Dil öğretiminde konuşmayı etkili kılan ögelerin başında telaffuzun açık, anlaşılır olması gelmektedir. Buna karşın telaffuz öğretimi alanyazında geride bırakılan, görmezden gelinen, ihmal edilen tanımlarıyla karşımıza çıkmaktadır. Telaffuz çok bilinmeyenli bir denklem gibidir. Öğrenicinin ana dili, bireysel özellikleri, öğretmen yeterlikleri, hedef dilin öğretiminde kullanılan materyallerin etkisi, çözülmeyi bekleyen bu çok bilinmeyenli denklemi oluşturur. Telaffuzun, materyal tasarımcıları ve yabancı dil olarak Türkçe öğretimi kitap yazarları tarafından genel olarak işlevsel ve özgün işlenmeyişinden dolayı öğrenicinin bu konudaki gelişimine olumsuz etki ettiği düşünülmektedir.

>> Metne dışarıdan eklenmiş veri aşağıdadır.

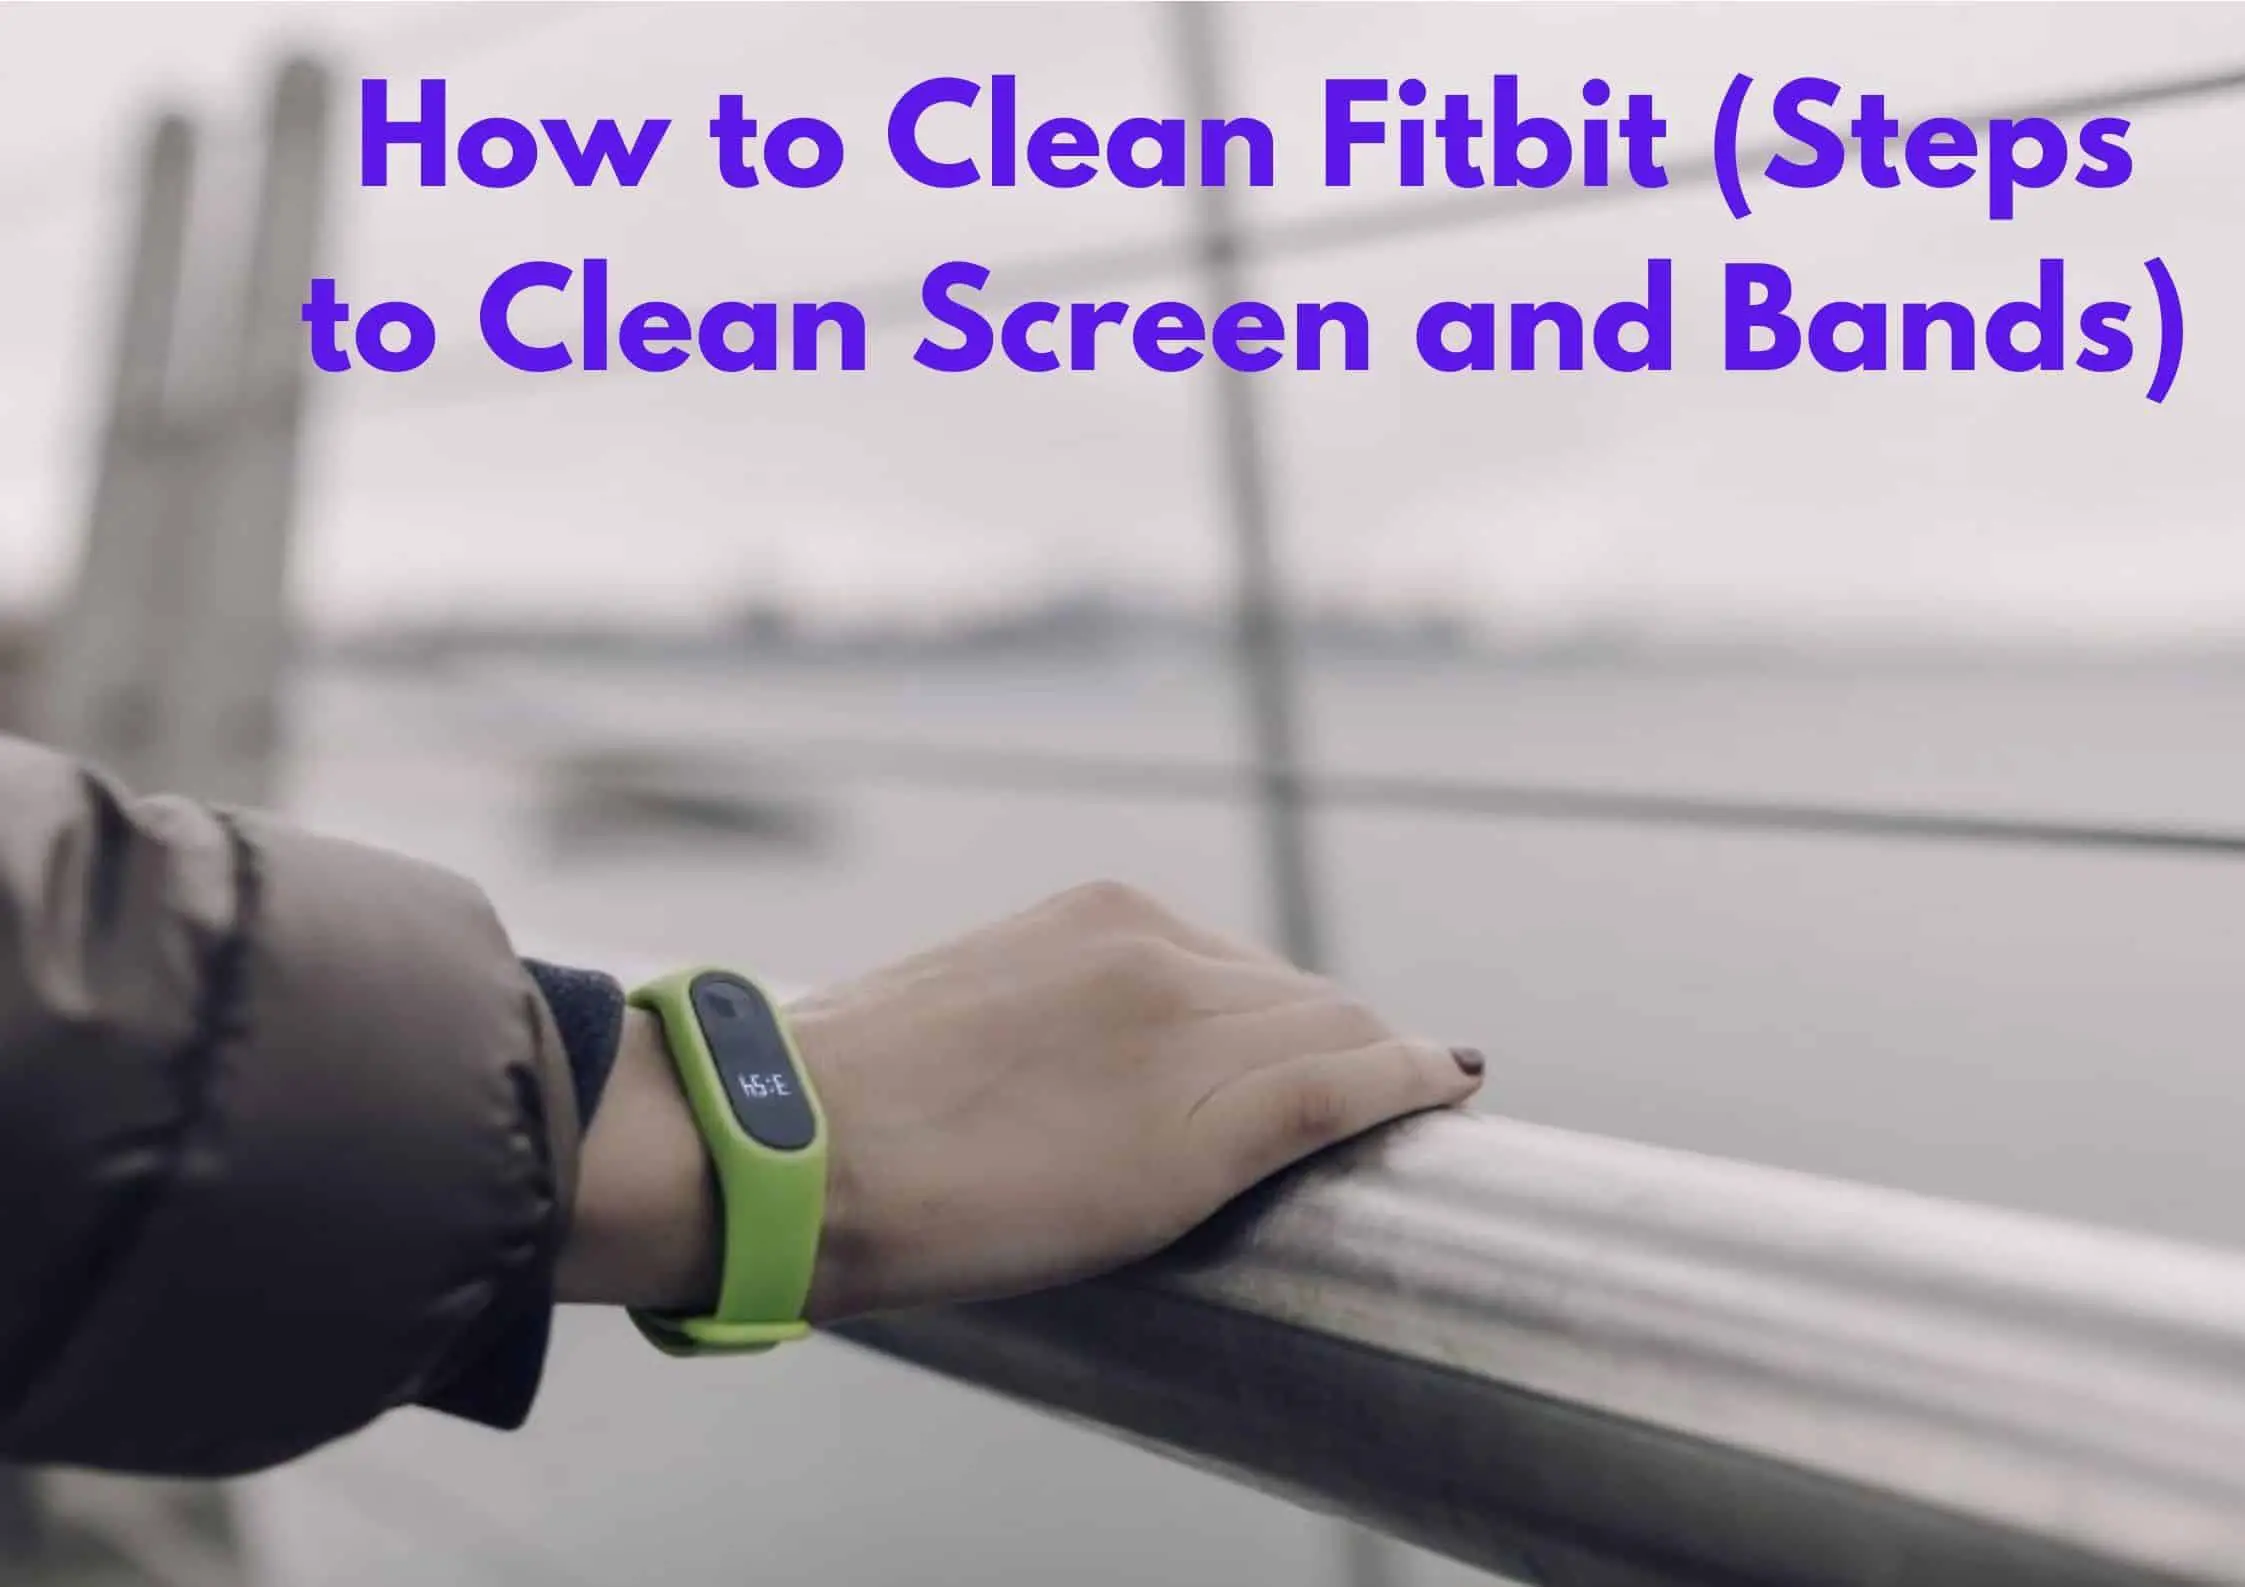 How to Clean Fitbit (Steps to Clean Screen and Bands)

Bu çalışmada sözü edilen problemlerden yola çıkılarak 20. yüzyılda çeşitli hedef kitlelerine yönelik Türkçe-İngilizce olarak yazılmış kendi kendine dil öğretmeyi amaçlayan yabancı veya Türk yazarların ortaya koyduğu on kitapta telaffuz öğretimine yer verilip verilmediği, yer verildiyse nasıl bir yol izlendiği incelenmiştir. Elde edilen bulgulardan hareketle kendi kendine dil öğretim kitaplarında telaffuz öğretiminin nasıl olabileceğine dair alternatifler geliştirmek hedeflenmiştir. İncelenen dil öğretim kitaplarının seçilme sebebi, bu kitapların daha çok konuşma becerisini kazandırmaya yönelik hazırlanması ve dolayısıyla telaffuz eğitiminin önemli bir yer tutması gerektiği düşüncesidir. Çalışmada, yöntem olarak betimsel tarama kullanılmış, literatür taraması ve doküman incelemesi yaklaşımıyla veriler analiz edilmiştir. Sonuç olarak, incelenen kitapların büyük çoğunluğunda Türkçedeki seslerin İngilizceyle karşılaştırmalı olarak incelendiği, telaffuz öğretiminin bazı kitaplarda Türkçenin telaffuzunda etkili olan ögeler dikkate alınarak yapılırken, bazılarında sınırlı bilgi verilerek işlendiği tespit edilmiştir.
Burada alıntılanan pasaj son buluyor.